Preheating combustion air increases burner efficiency, but the payback from the equipment cost had not been compelling for heat treating applications. However, recent increases in natural gas prices and introduction of new burner technologies give good reason to re-evaluate the payback of a combustion system upgrade.

Fig. 1. Schematic of direct-fired self-recuperative burner

High energy cost is a major concern for most heat treating operations. As a result, the industry is focused on reducing fuel con-sumption through energy efficient burner design and heat recovery technologies. Direct-fired industrial heating is the current trend to increase process efficiency with the use of a recuperator. Recuperators work by recovering the waste heat of furnace exhaust gas to preheat combustion air. By preheating the combustion air, more heat is available to be transmitted directly to the load. Heating the furnace load more efficiently can reduce the energy costs of the process and increase the productivity of the operation. For years the primary type of recuperator used in direct-fired industrial applications involved a stand-alone recupera-tor. More recently, the advent of direct-fired self-recuperative burner technology has offered a more cost effective solution for either retrofitting an existing furnace or for new furnace construction. With the increased use of recuperation, NOx emissions need to be taken into consideration. Production of thermal NOx can increase significantly as combustion air preheat increases, however, modern low NOx design versions of direct-fired self-recuperative burners can address these concerns.

Stand-Alone Recuperators

Although several designs of stand-alone recuperators are available for preheating combustion air, metallic convection type recuperators are most common. Installation typically requires no floor space as these recuperators can be installed within the ductwork above grade. However, due to relatively high exhaust gas differential pressures, an induced draft fan is typically required which may require additional floor space. The metallic construction typically limits exhaust temperatures to 1800°F (980°C) with reported maximum combustion air preheat of 1000°F (540°C). As a result of the metal construction, the recuperator is susceptible to thermal expansion, stress and hot corrosion leading to leakage and shortened life, and can require a dilution air system for exhaust gas over-temperature protection. Metallic convection recuperators are relatively large per unit of heat recovered, and typically require the installation of relatively expensive insulated piping to supply the preheated combustion air to the burners located on the furnace.

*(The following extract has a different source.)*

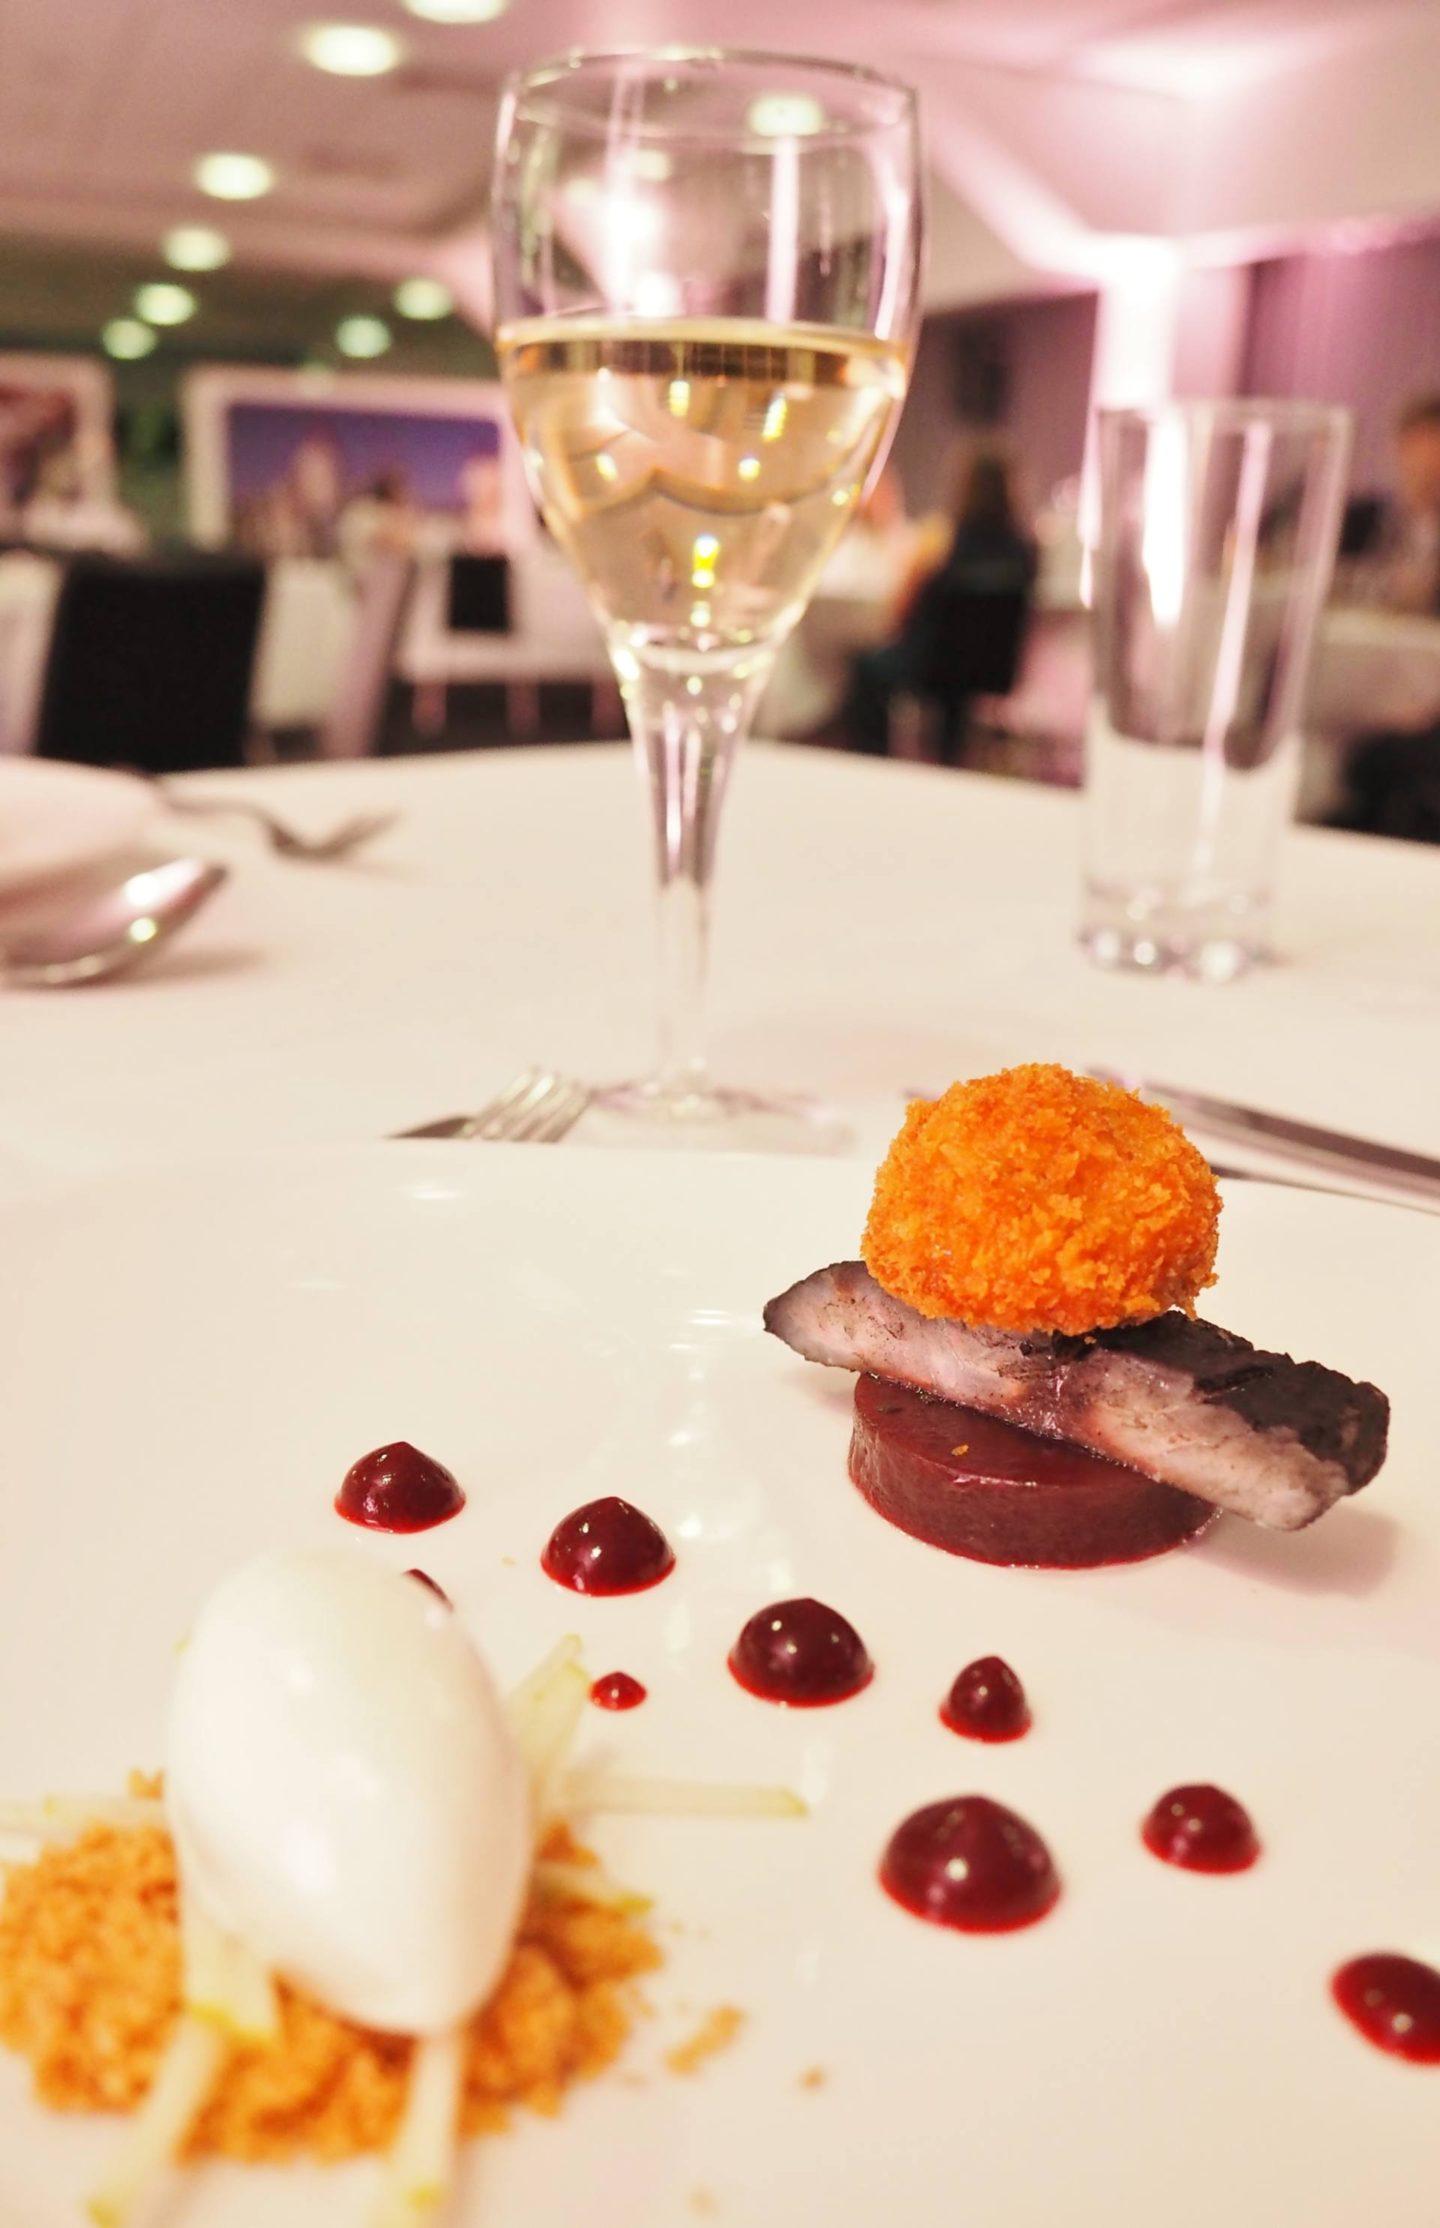 Emma Victoria Stokes Elegant Eat Fine Dining Edgbaston Cricket Ground Stone Bass Marinated In Squid Ink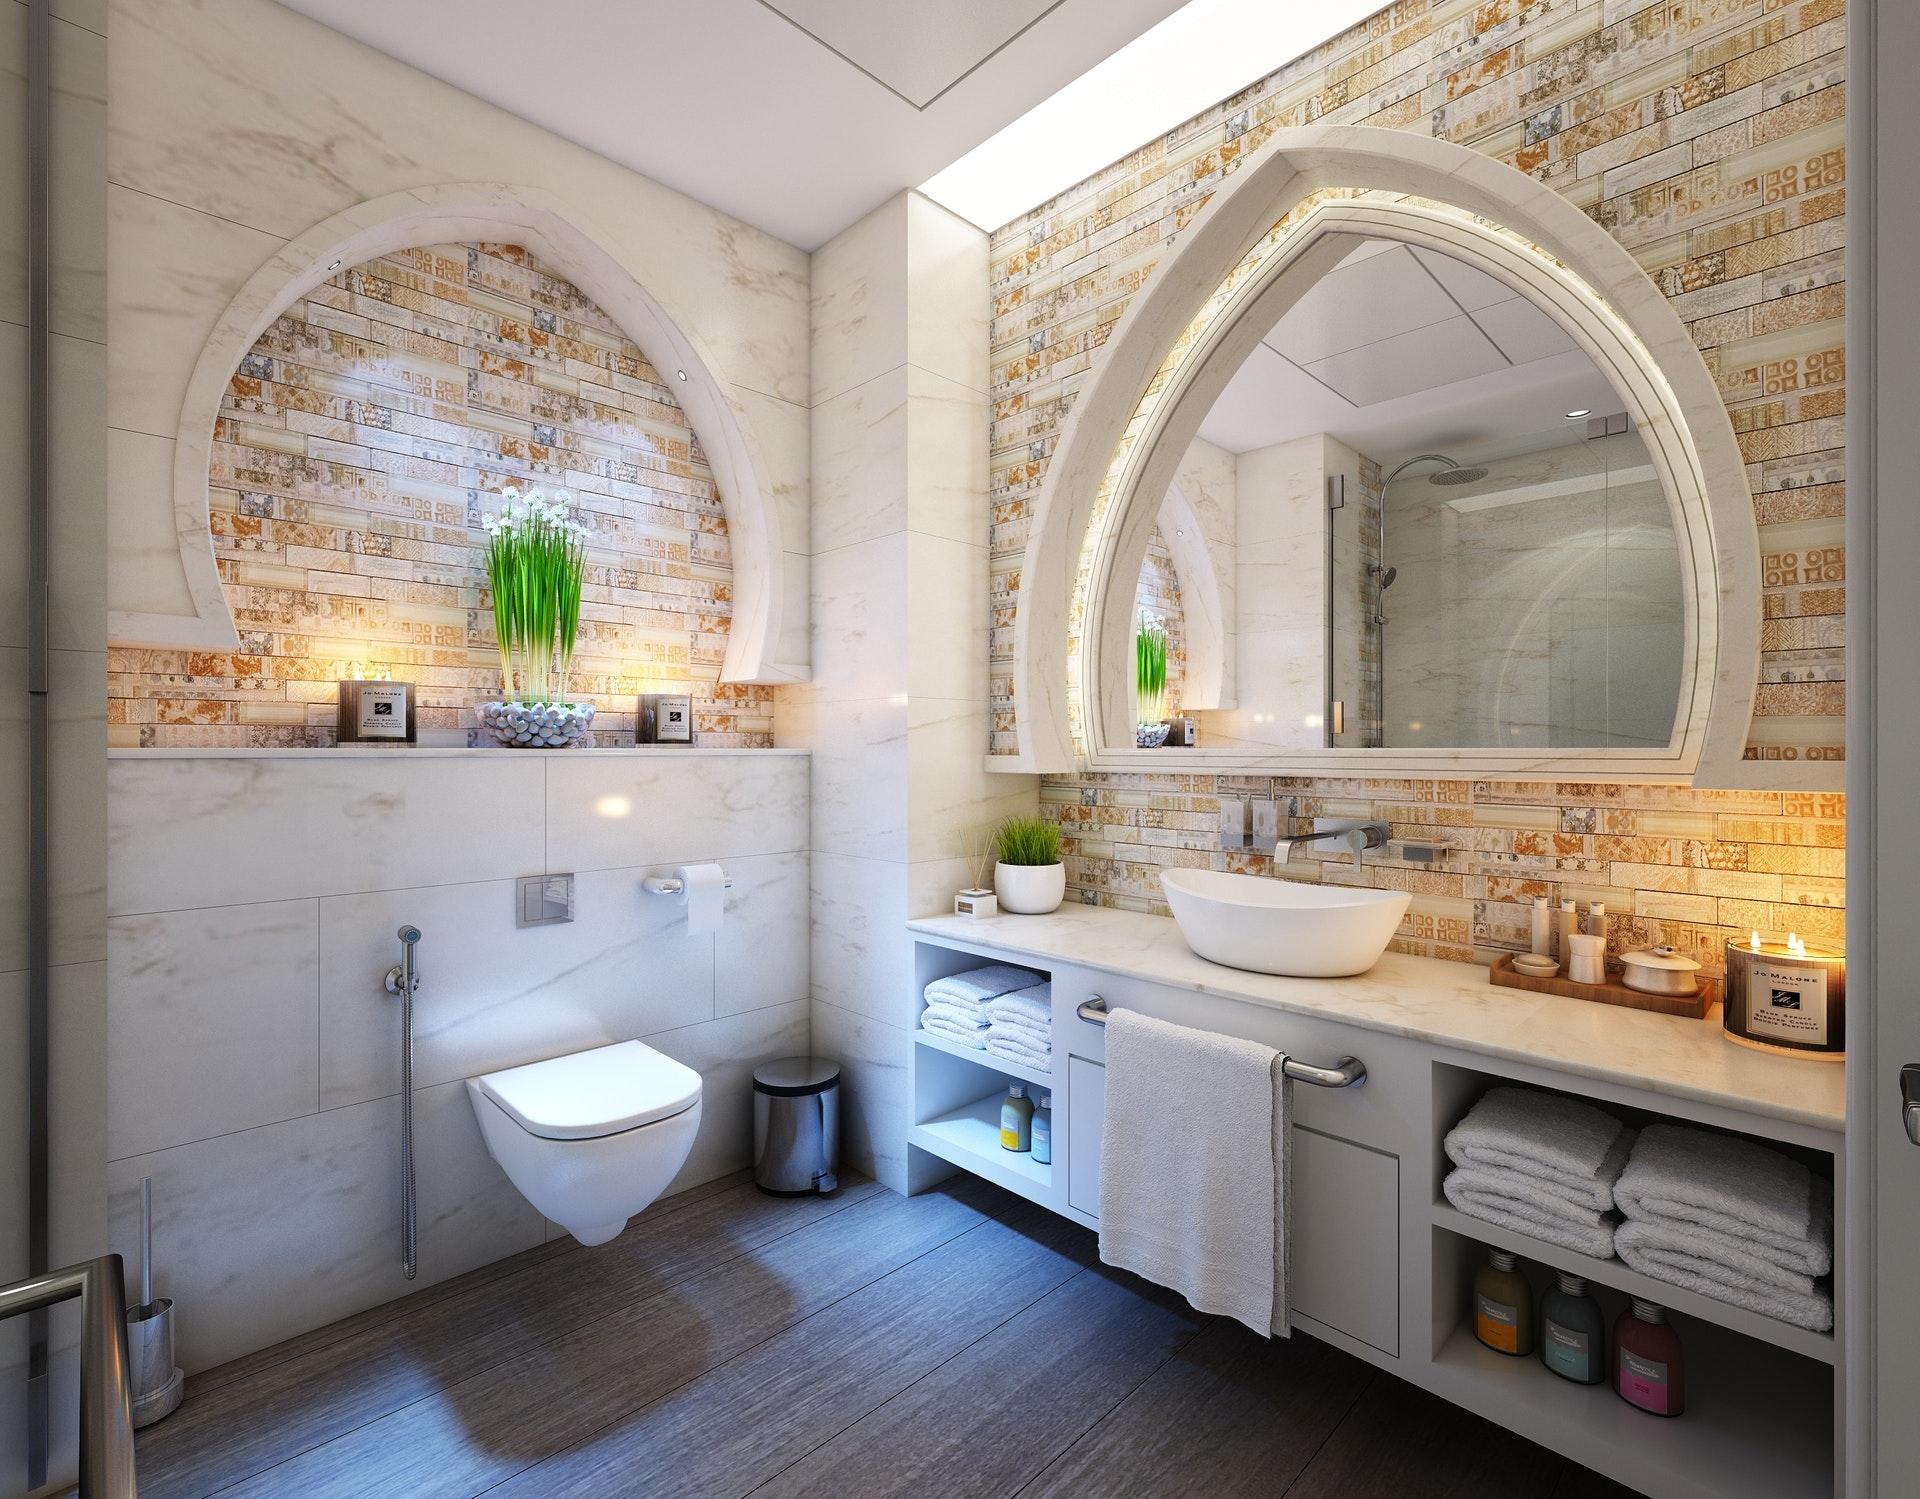 6 Design Ideas for Renovating a Master Bathroom

Direct-Fired Self-Recuperative Burners

A new alternative in recuperative technology is the direct-fired self-recuperative burner (Fig. 1). The total air supplied is split into a combustion air and an eductor air stream. The ambient combustion air enters the burner via a single air connection on the burner housing and moves across the inside of a finned heat exchanger picking up heat from the exiting exhaust gases, similar to a counter-flow heat exchanger. The hot exhaust gases are pulled across the finned recuperator as a result of the suction pressure generated by the eductor. This highly efficient eductor typically allows for removal of a nominal 90% of the exhaust gases from the furnace. The ambient air introduced at the eductor also acts to cool the exhaust gases exiting the burner to an acceptable discharge temperature prior to being vented into an exhaust removal system.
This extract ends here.